[DATASET EXCERPT]
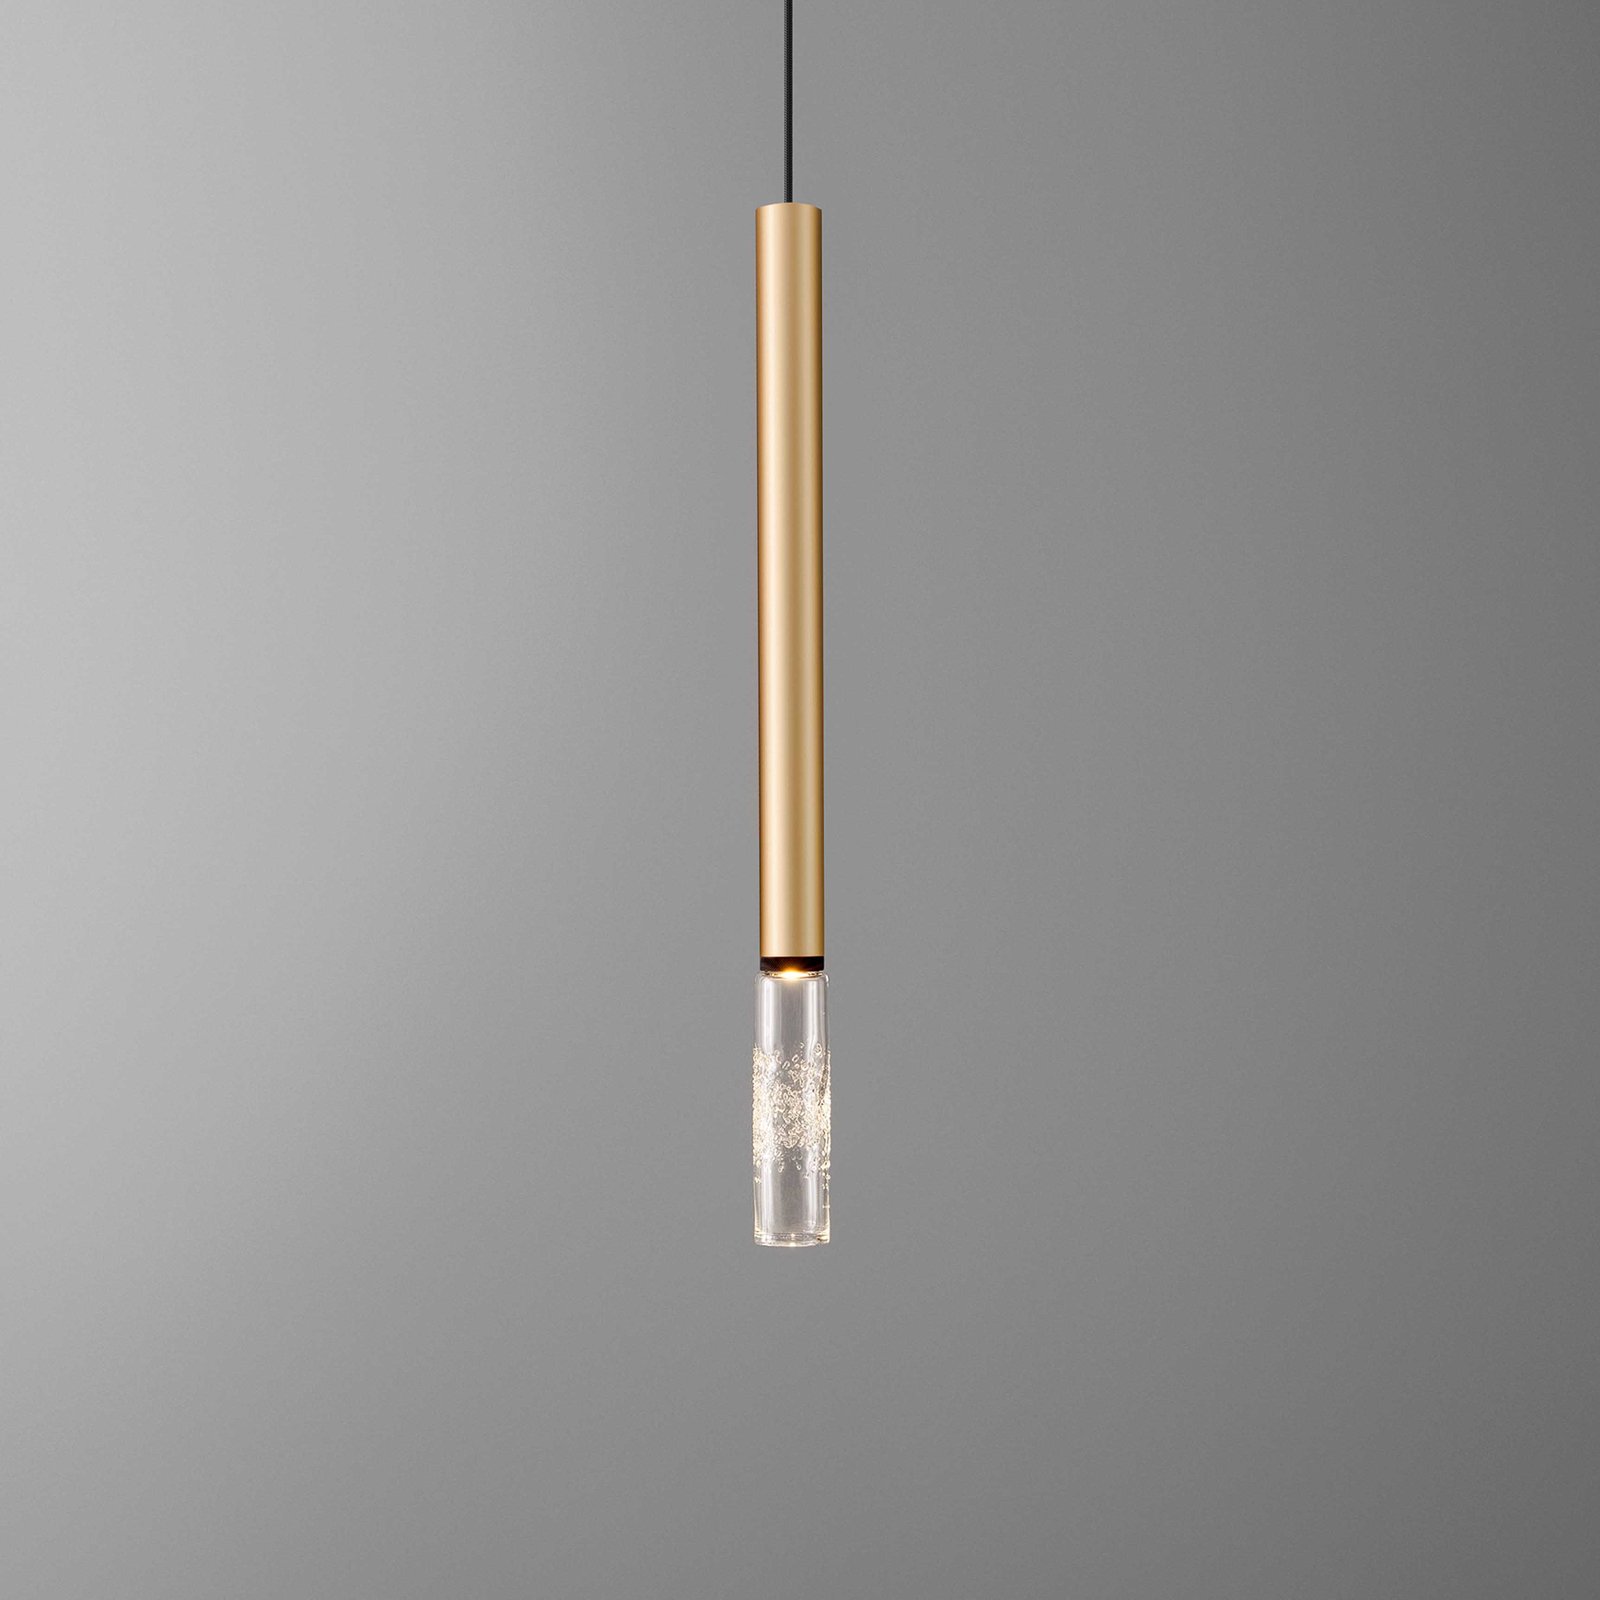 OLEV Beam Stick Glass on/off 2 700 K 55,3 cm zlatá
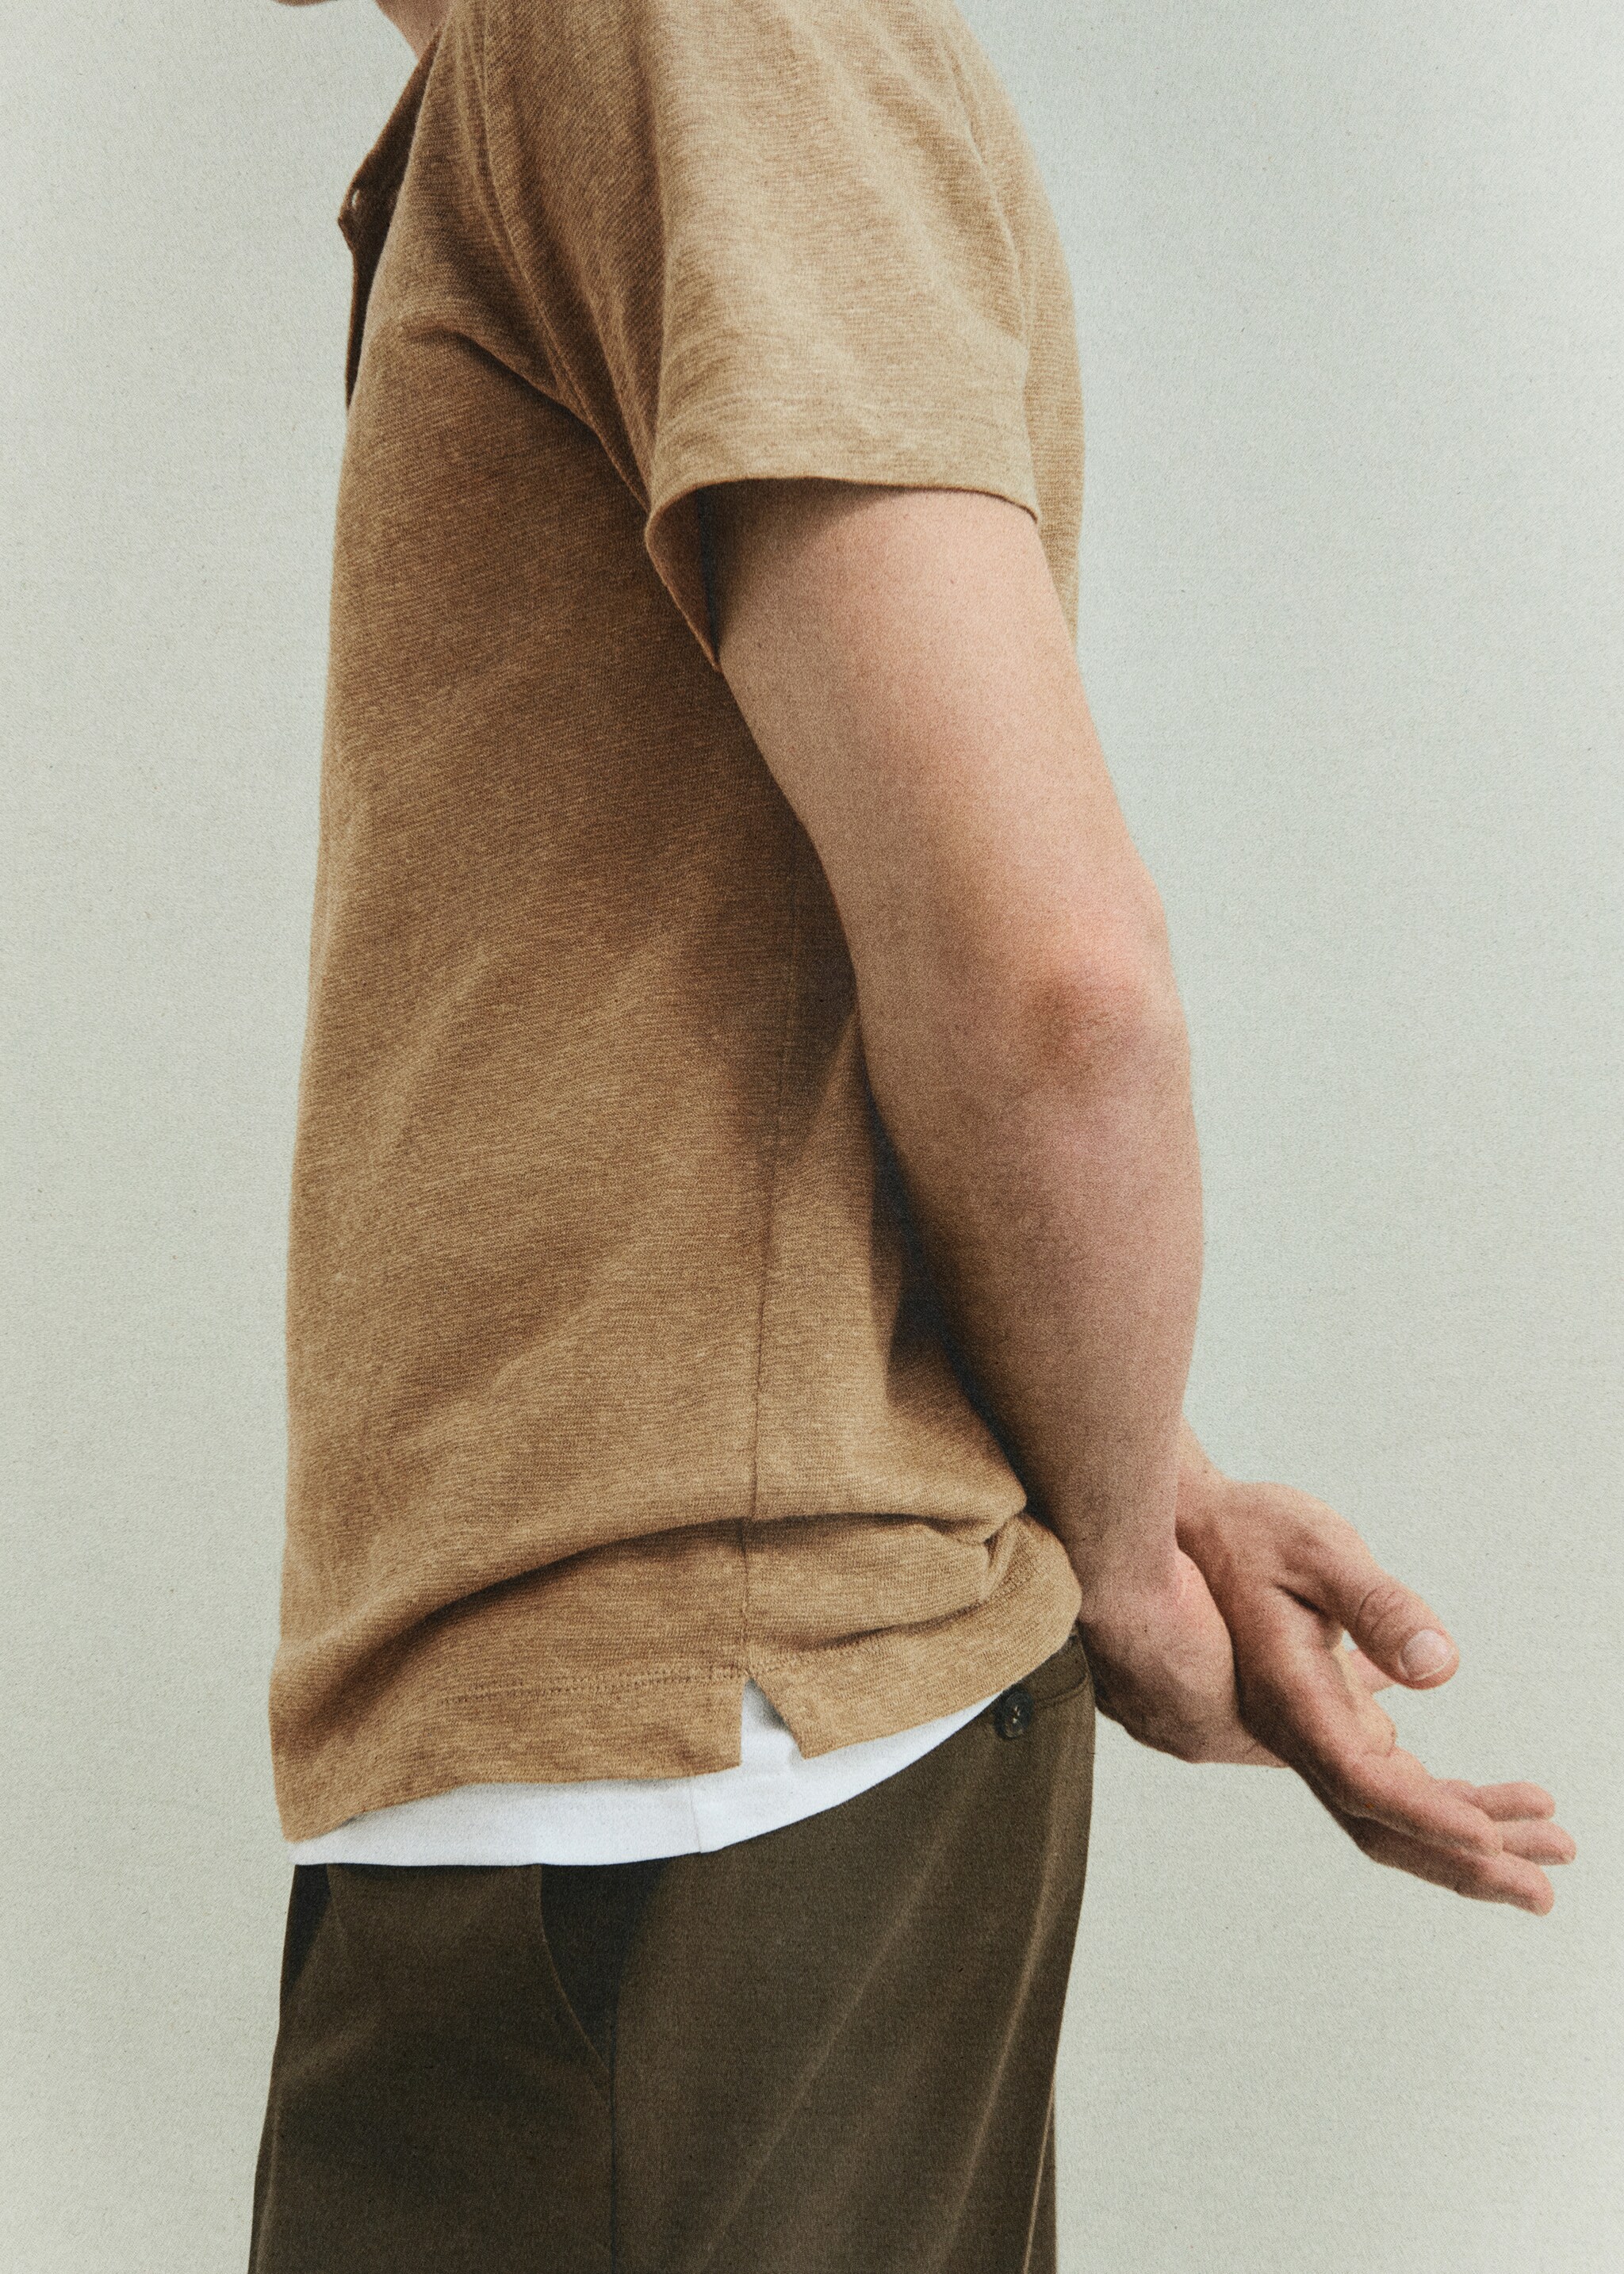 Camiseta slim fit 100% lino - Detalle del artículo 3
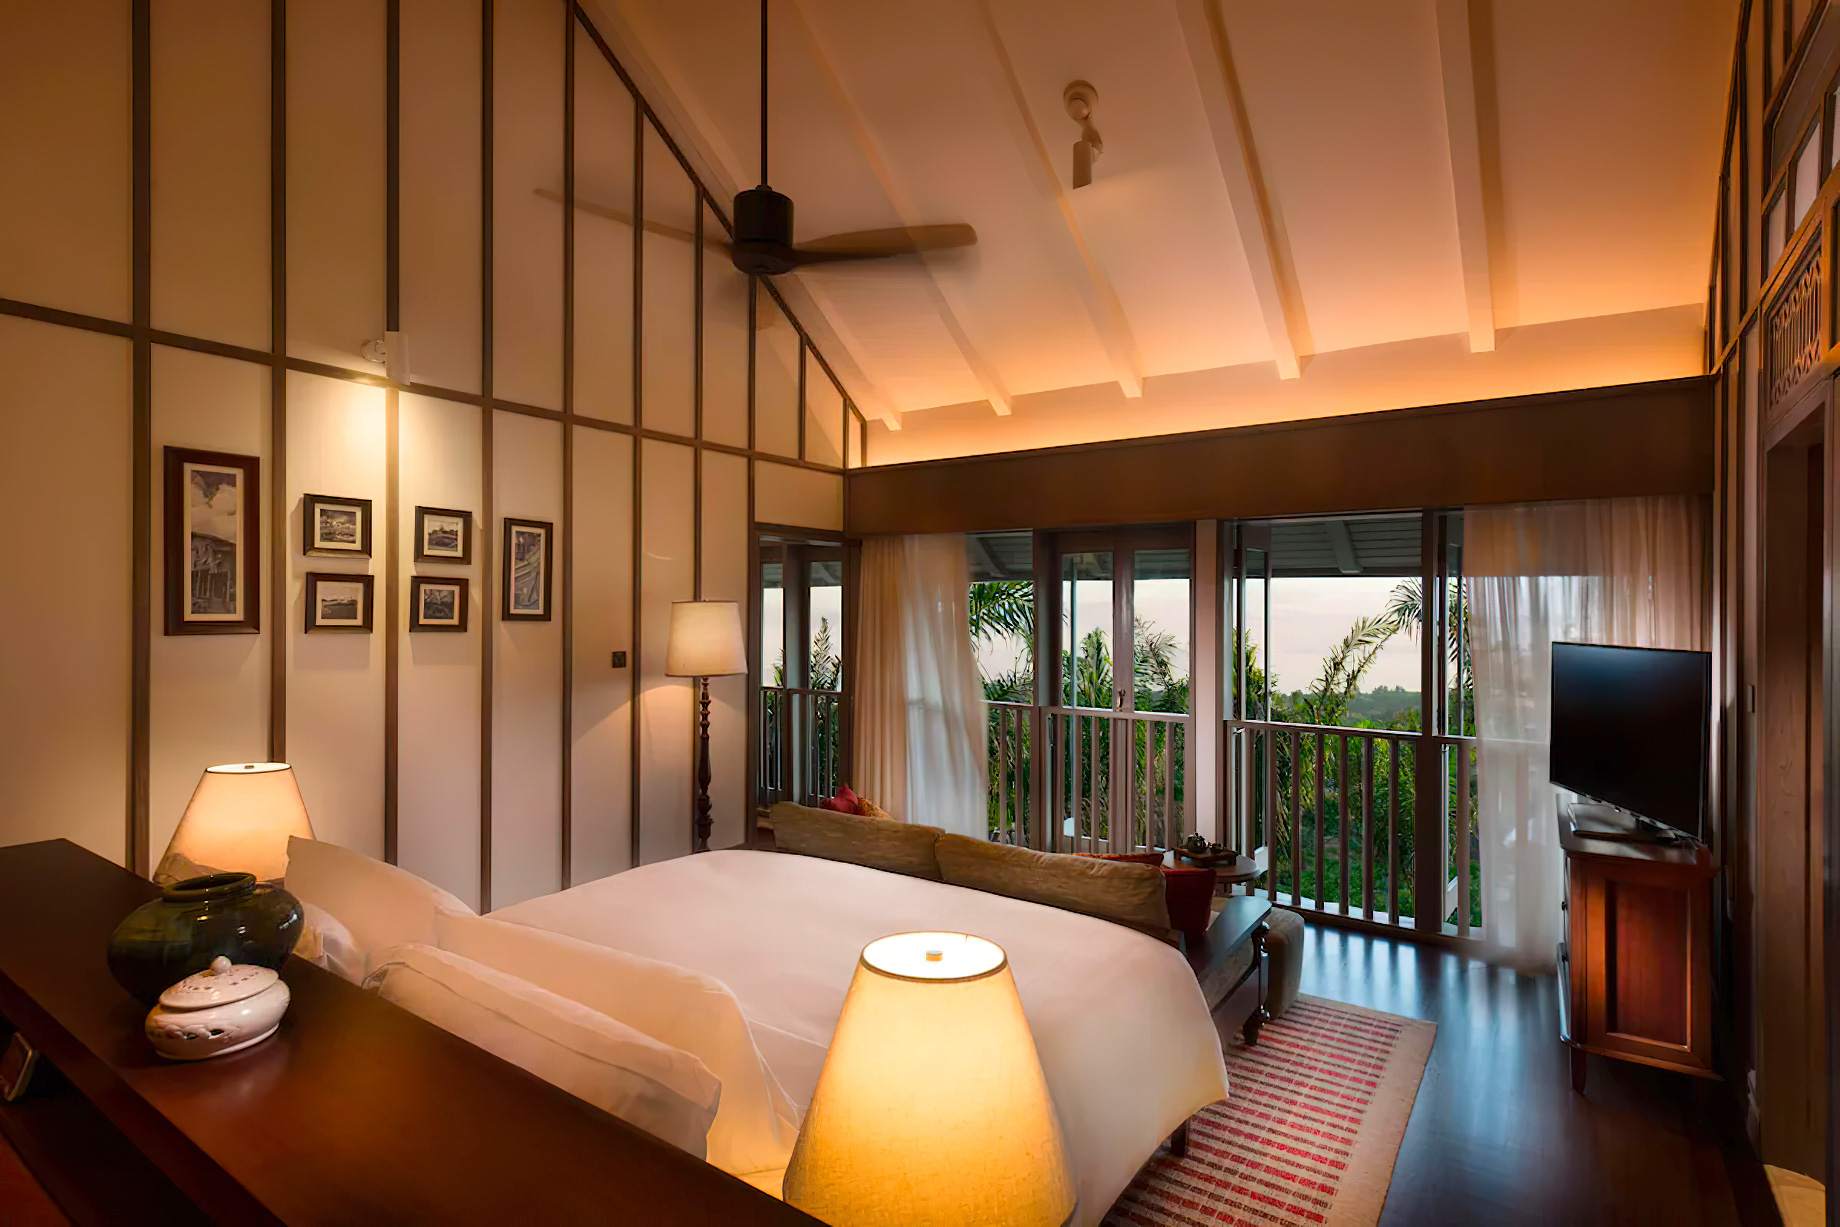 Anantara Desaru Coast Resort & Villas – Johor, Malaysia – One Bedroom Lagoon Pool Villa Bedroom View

[WHAT TO WORK ON]
Omit the pictures and write out exactly the lines from the one containing "Camiseta slim fit" through the last line of the material.

[WRITTEN ANSWER]
 Camiseta slim fit 100% lino - Detalle del artículo 3
 Anantara Desaru Coast Resort & Villas – Johor, Malaysia – One Bedroom Lagoon Pool Villa Bedroom View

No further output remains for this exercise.